The auth secret (`<data_dir>/_auth/secret.key`) is created with mode `0600`
on Unix; existing files with looser permissions are re-tightened with a
warning logged on startup.
### Configuration (`grumpydb.toml`)
```toml
[server]
bind = "0.0.0.0:6380"
max_connections = 1024
data_dir = "./data"
[tls]
enabled = true
# cert_file = "server.crt" # auto-generated if absent
# key_file = "server.key"
[auth]
access_token_ttl_secs = 3600 # 1 hour
refresh_token_ttl_secs = 604800 # 7 days
```
### User & tenant management
Connect as server admin via `nc localhost 6380`:
```
LOGIN _system admin <your-bootstrap-password>
TOKEN <jwt>
CREATE TENANT acme
CREATE USER alice@acme s3cr3t
GRANT tenant_admin ON @acme TO alice@acme
LIST TENANTS
LIST USERS @acme
```
### Notation
| `alice` | User `alice` in current tenant |
| `alice@acme` | User `alice` in tenant `acme` |
| `mydb` | Database (or collection if `USE` is active) |
| `mydb@acme` | Database in tenant `acme` |
| `users:mydb` | Collection `users` in database `mydb` |
| `users:mydb@acme` | Collection in database in tenant |
| `@acme` | Tenant scope (for GRANT/REVOKE) |
### Consistency and topology protocol (Phase 40f)

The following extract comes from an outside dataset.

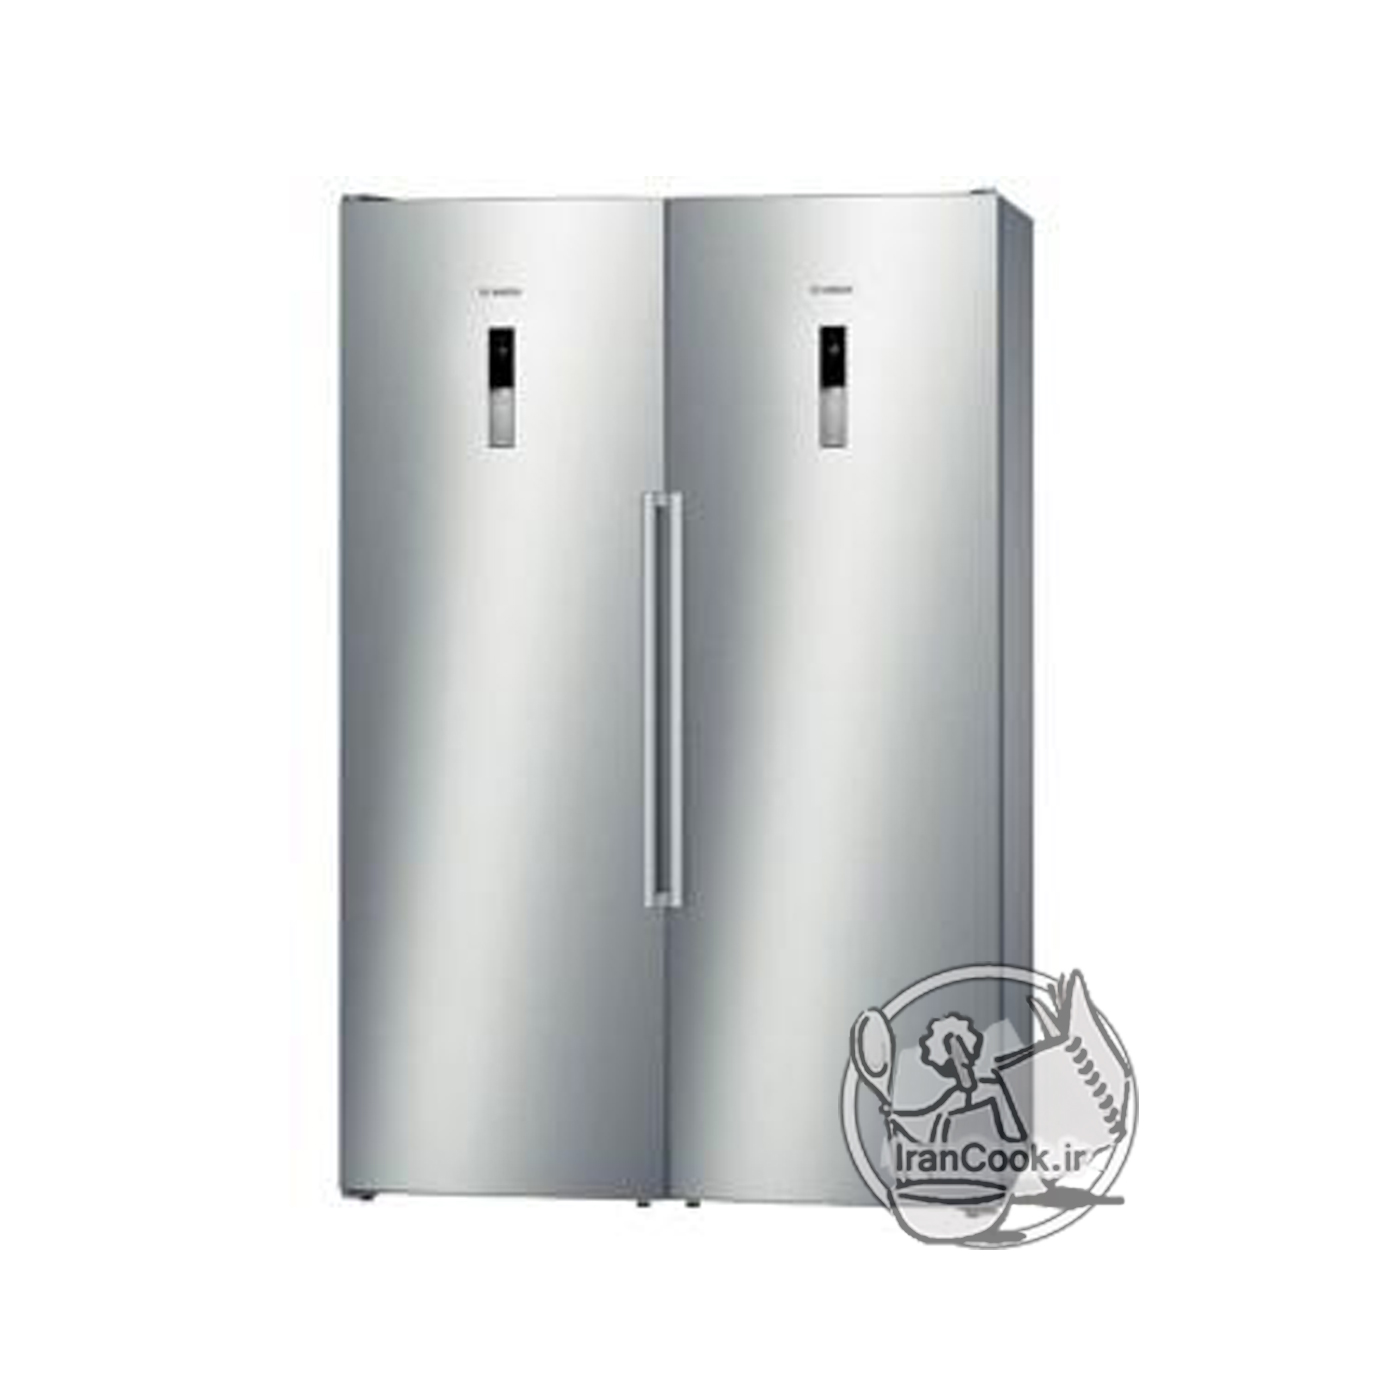 یخچال فریزر دوقلو BOSCH مدل KSV36BI304

The TCP protocol now exposes coordinator and consistency-locking primitives:
- `TOPOLOGY` returns a JSON cluster snapshot for smart clients.
- `READ_CONCERN R=<n>` / `WRITE_CONCERN W=<n>` can prefix data commands.
- `PUT_WITH_VC <collection> <uuid> <json> <vector_clock>` is accepted for
reconciled writes (vector clock validated as JSON).
In v5, the server is intentionally locked to single-owner consistency
(`N=1`, `R=1`, `W=1`):
- Non-default concerns are rejected with `v5 only supports R=1, W=1`.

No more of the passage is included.